I need some music now.


Jackson Browne- For Everyman

At St. Francis in Maine, I used to play this record and other records by Jackson Brown a lot. My friend Annie loved Jackson Browne too.

I love the part where in the song, it talks about with just a few of my friends, I could give up the rest and find something better.

Jackson Browne had the gift to put into music the feelings of my generation in music.

J left me holding the bag, and refused to give me a safe place to hide for a night or two, when I was being abused and mentally tortued over him and his family. You see I feel sorry for J because he has no HEART. HE HAS NO COMPASSION FOR OTHERS. HE HAS THE SAME COMPASSION IN HIS HEART AS HITLER AND DAVID DUKE, WHO BELIEVE THAT COMPASSION AND HELPING OTHERS IN NEED IS WEAK. J likes to paint himself as a decent caring person who cares about people, but the truth is when you are one on one and ask for his help because you are a true LADY IN DISTRESS, you get the answer ” IT ISN’T MY PROBLEM” without one question being asked; like what is wrong or what kind of help do you need.
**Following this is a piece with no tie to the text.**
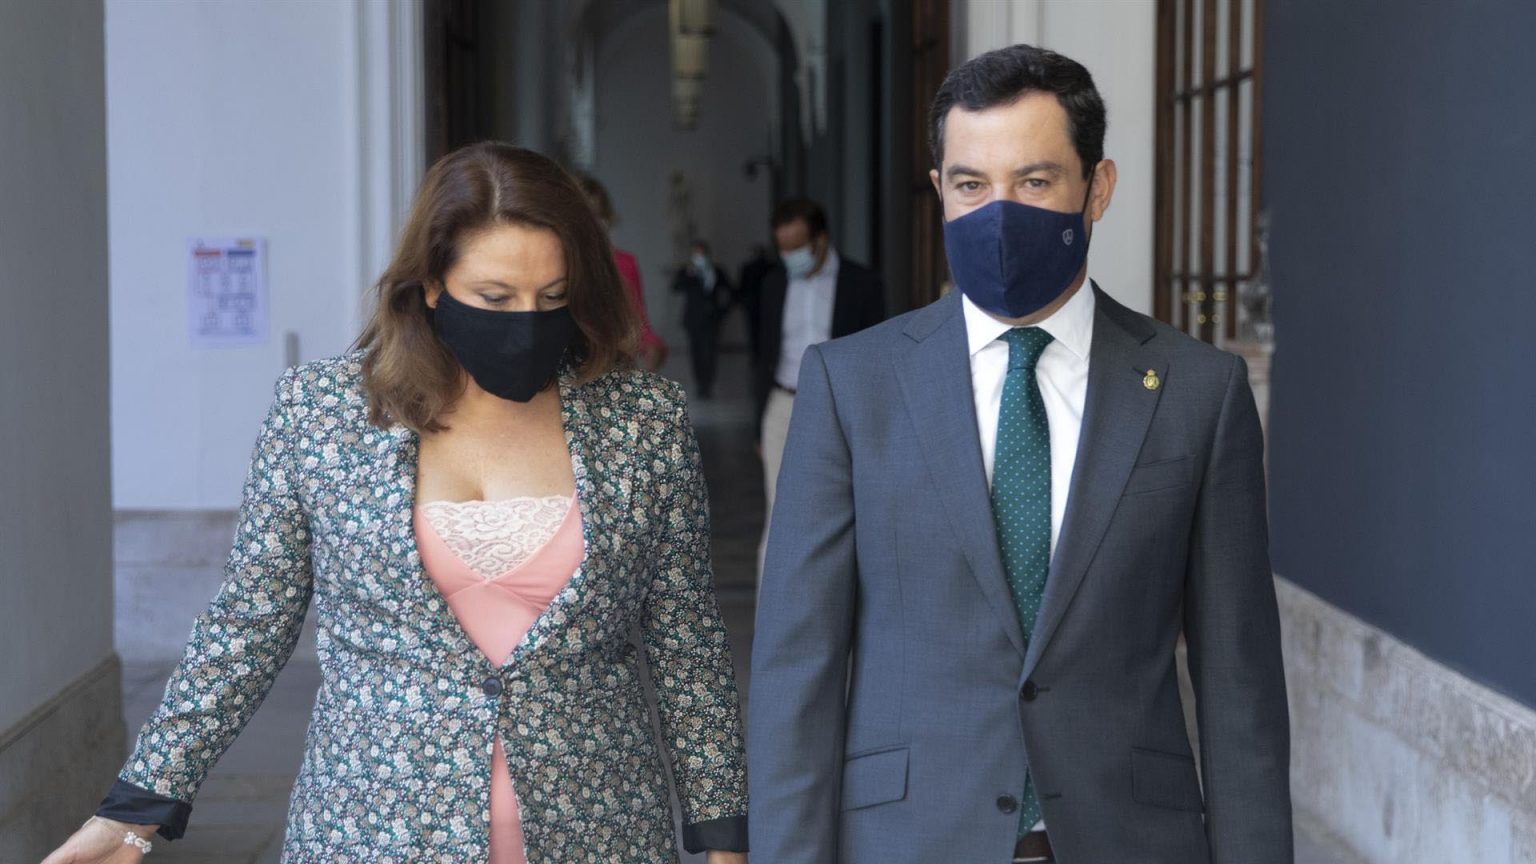 El PSOE andaluz pide explicaciones a Moreno tras la imputación de Carmen Crespo en un caso de corrupción

YOU WILL NOT BE GIVEN THE CHANCE TO PROVE YOU ARE TELLING THE TRUTH OR EXPLAIN YOURSELF. HE IS SELFISH AND LOOKS DOWN ON US PEOPLE WHO ARE NOT IN HIS ELITE CLASS OF BEING IN THE UNITED STATES GOVERNMENT. THAT IS ONE REASON WHY I DON’T BELIEVE OR TRUST THE UNITED STATES GOVERNMENT TO DO WHAT IS BEST FOR THE SO CALLED PEOPLE THEY ARE SUPPOSED TO REPRESENT!!! They don’t care about the hell we go through, as all they care about his their selfish ambition and gaining POWER and MONEY. You can I can die as we are acceptable damage….


For a dancer.

J’s dad planted his seed in me, when I was a small child, when he was alive on this earth. The seed bore fruit in me that I now I fight White Nationalist HATE.
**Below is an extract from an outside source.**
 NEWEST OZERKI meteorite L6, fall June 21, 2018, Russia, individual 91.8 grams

I guess I hope that J would be like his father and would want to help me in my just fight against White Nationalism and their neo nazi hate toward Jews and others. Yet, when I finally make it to the point of talking to him one on one, I find a man without a heart or the mind to see the truth about me and understand that everything said or written about someone is the truth, but that you have to give them the chance to prove they are telling the truth and explain themselves. I had the heart and mind to understand that concept and have always tried to be fair and give him that chance, but he has REFUSED to treat me with the same FAIRNESS AND HONOR as I HAVE ALWAYS TRIED TO TREAT HIM.
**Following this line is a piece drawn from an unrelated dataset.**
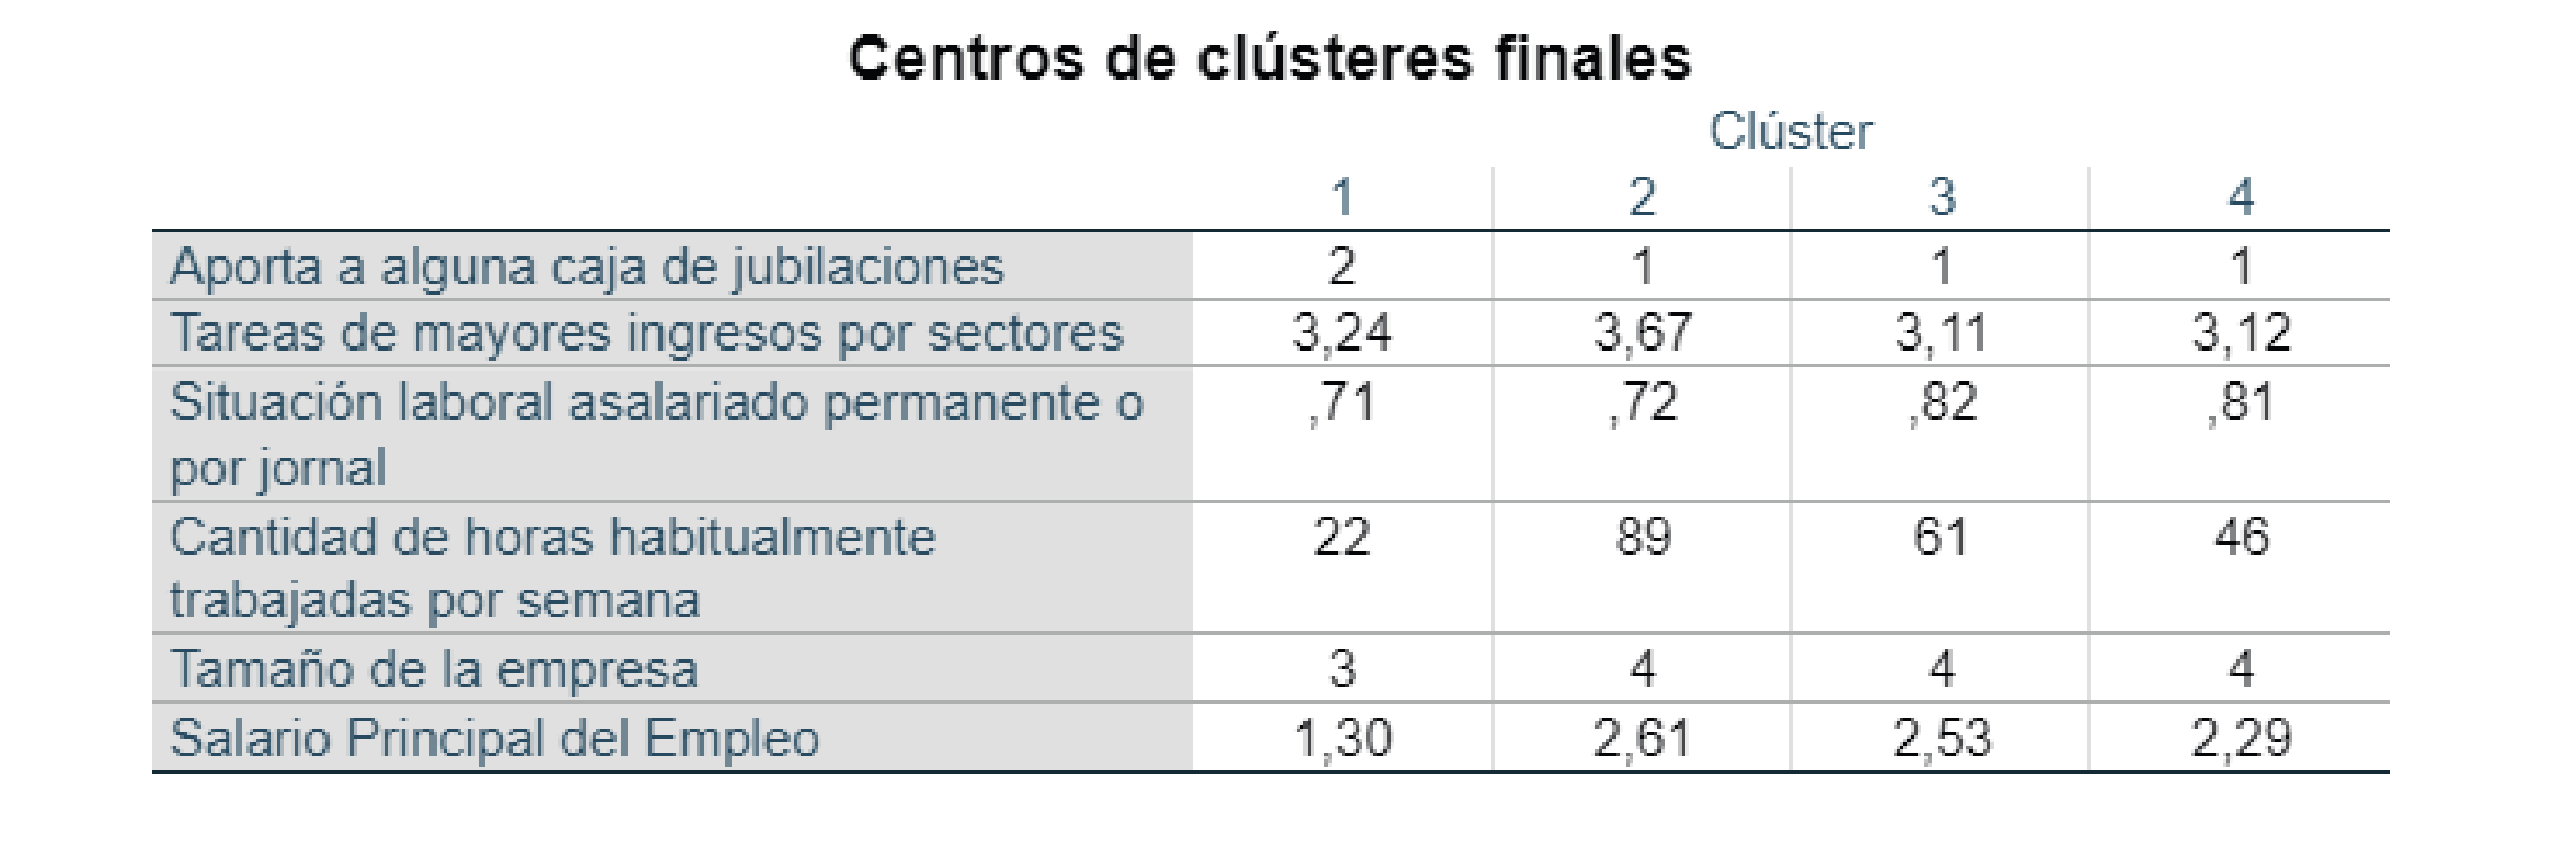 Cluster Final
Asalariados Agrarios 2019.

I think the denial about J being an dishonorable man came about because I couldn’t admit to myself that the son of my childhood hero was the ENEMY to TRUTH AND jUSTICE; but had chosen the side of LIES AND EVIL DEEDS. When all you care about is WHAT YOU WANT and YOUR OWN SELFISH AMBITION AND YOU ARE WILLING TO USE LIES AND DECEPTION TO GAIN YOUR GOAL, IN MY EYES YOU BECOME THE ENEMY OF TRUTH AND JUSTICE AND HONOR.

I couldn’t face the fact that maybe my hero was not the man I thought he was and his son J reflected his true values and disregard for the COMMON MAN/WOMAN IN THIS COUNTRY. I couldn’t face that maybe my mother and other White Nationalists were RIGHT about HIM. Because if they were right about my childhood hero, were they also right about the Jews?

It would have met that everything I was taught as a child in the 60’s was ONE BIG LIE.


Somebody’s baby

I am not going to give up thinking that somewhere out there God will provide me a door to walk through. That he will bring me help and something good will happen in my life.

Have things to do.

Will try to write the letter for my assignment later.